NFS1 O Plasmídeo de Nickase Dupla (h) consiste num par de plasmídeos combinados, concebidos para a edição de alta especificidade do locus NFS1 em linhas celulares human. Cada plasmídeo expressa uma nickase Cas9 D10A e um sgRNA distinto que tem como alvo cadeias de ADN opostas dentro de NFS1. Quando direcionadas para locais adjacentes em cadeias de ADN opostas, as duas nickases geram cortes deslocados numa única cadeia que, em conjunto, produzem uma quebra escalonada de cadeia dupla, exigindo uma atividade coordenada no alvo por parte de ambas as guias. A quebra de ADN resultante é resolvida por vias de reparação celular endógenas, mais frequentemente através da junção de extremidades não homólogas (NHEJ), levando a inserções ou deleções que perturbam a função NFS1. Ao exigir o envolvimento de dois sgRNA no locus alvo, a abordagem de dupla nickase aumenta a especificidade da edição e fornece uma estratégia CRISPR complementar para aplicações em que se deseja um controlo adicional sobre a precisão do direcionamento.

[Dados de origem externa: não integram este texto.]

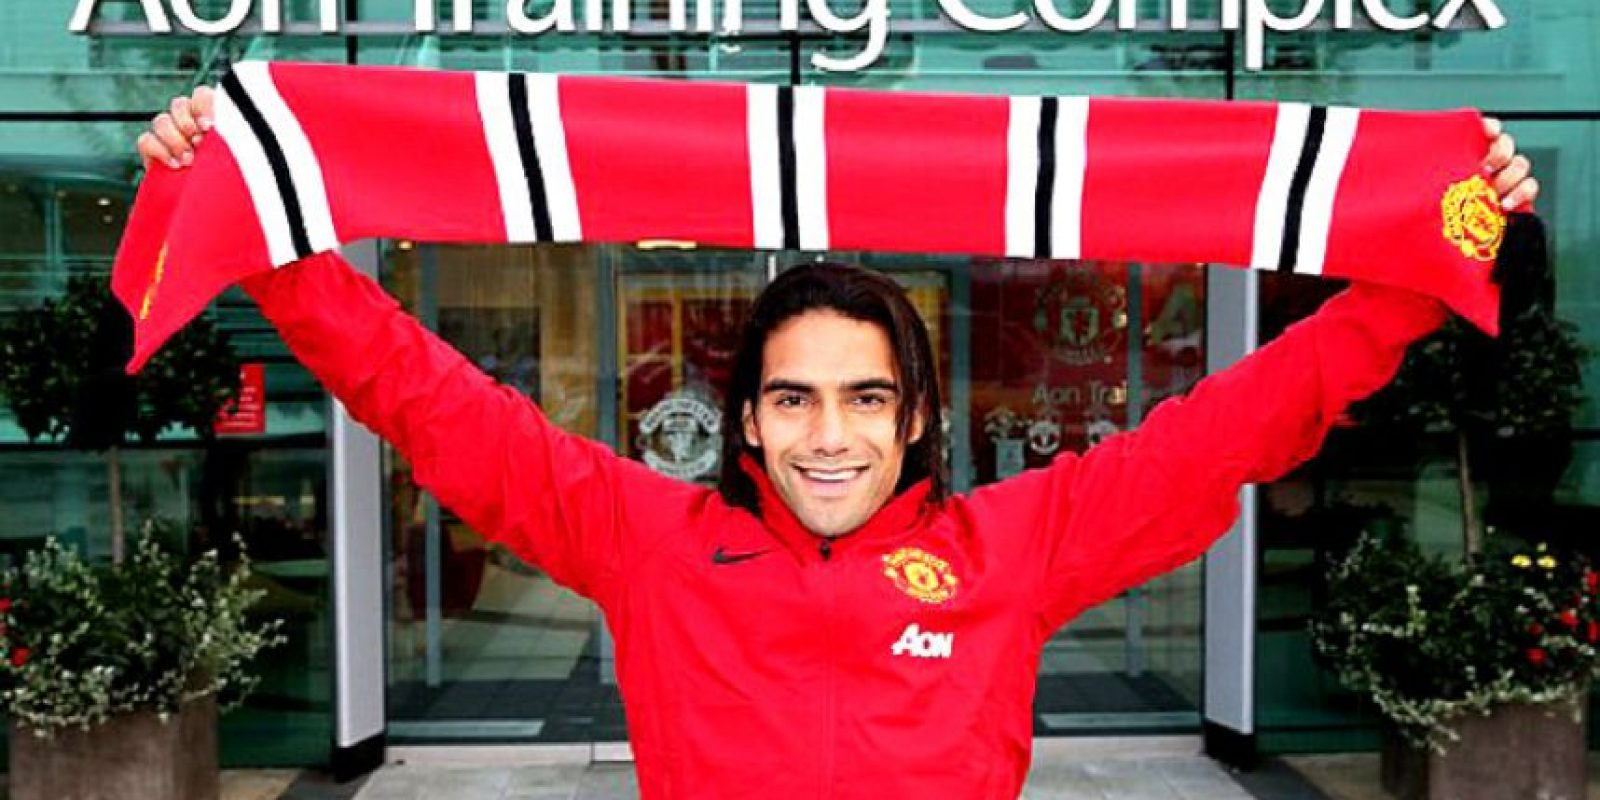 Foto:Cortesía Manchester United
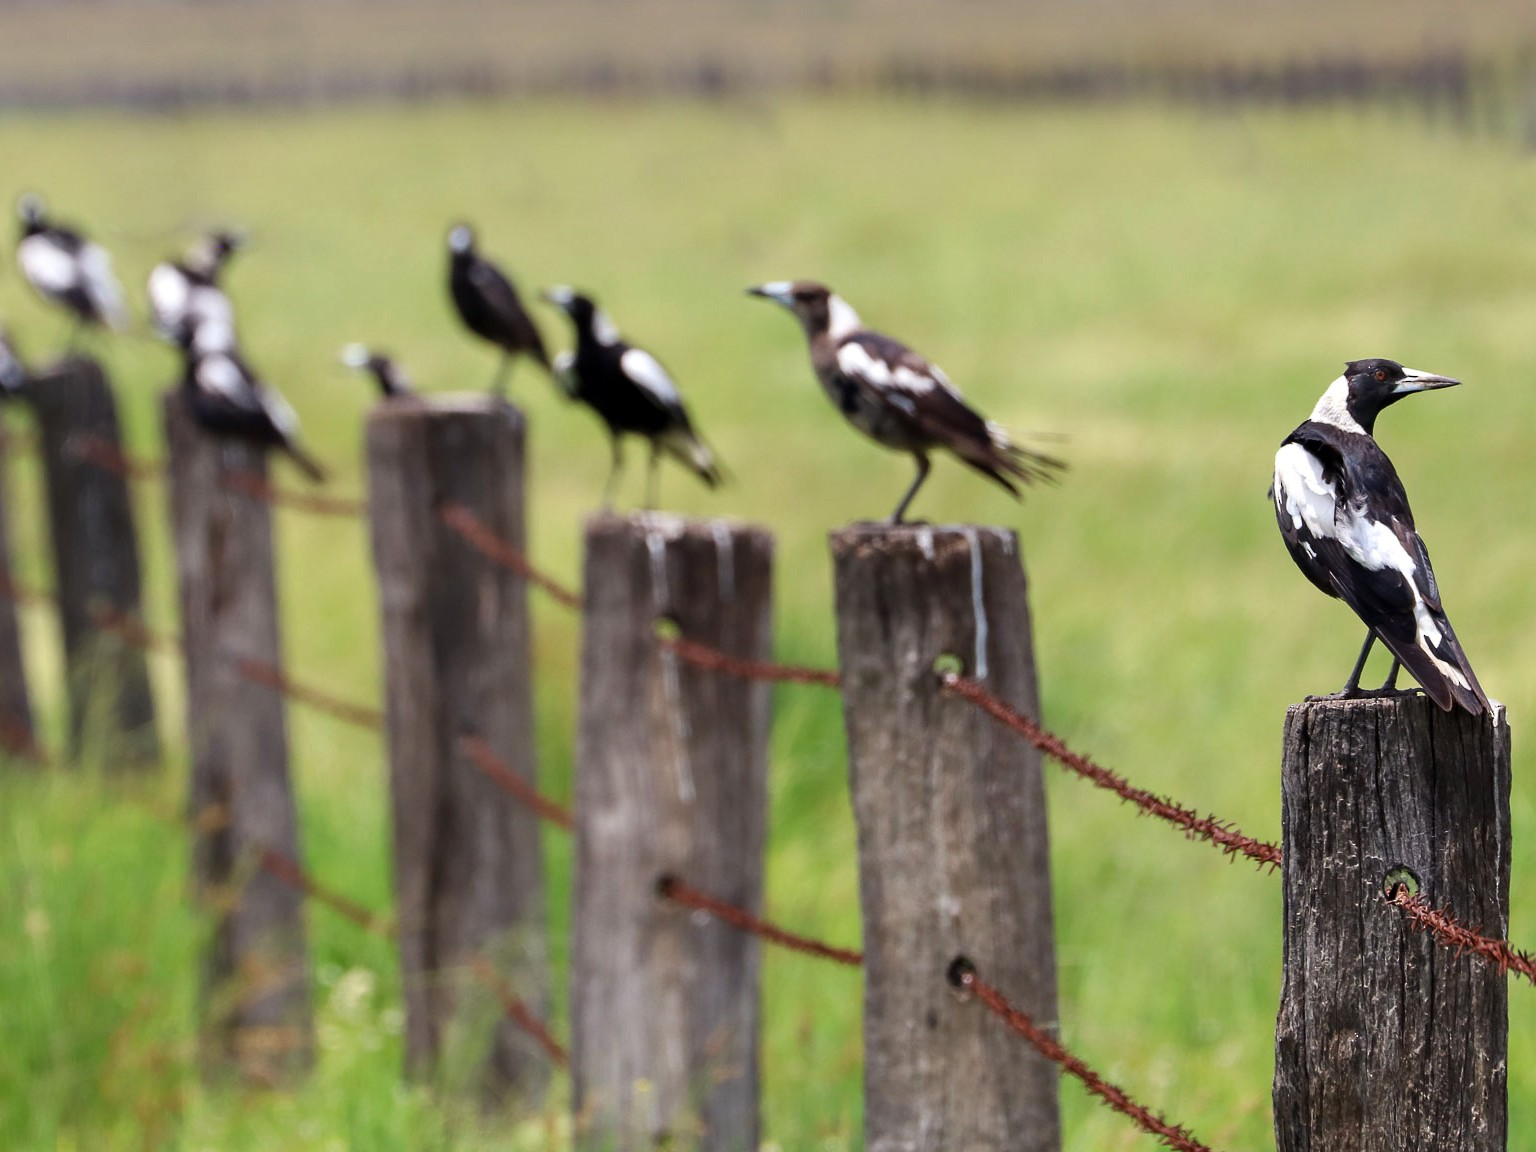 Australian Magpie - Ged Tranter

Para apoiar a identificação eficiente das células editadas, um plasmídeo codifica GFP para visualização fluorescente das populações transfectadas, enquanto o plasmídeo complementar transporta um gene de resistência à puromicina para seleção antibiótica. Em conjunto, estas características apoiam o enriquecimento eficiente das populações co-transfectadas e simplificam a validação dos clones com NFS1 interrompido.
Apenas para uso em investigação. Não se destina a uso diagnóstico ou terapêutico.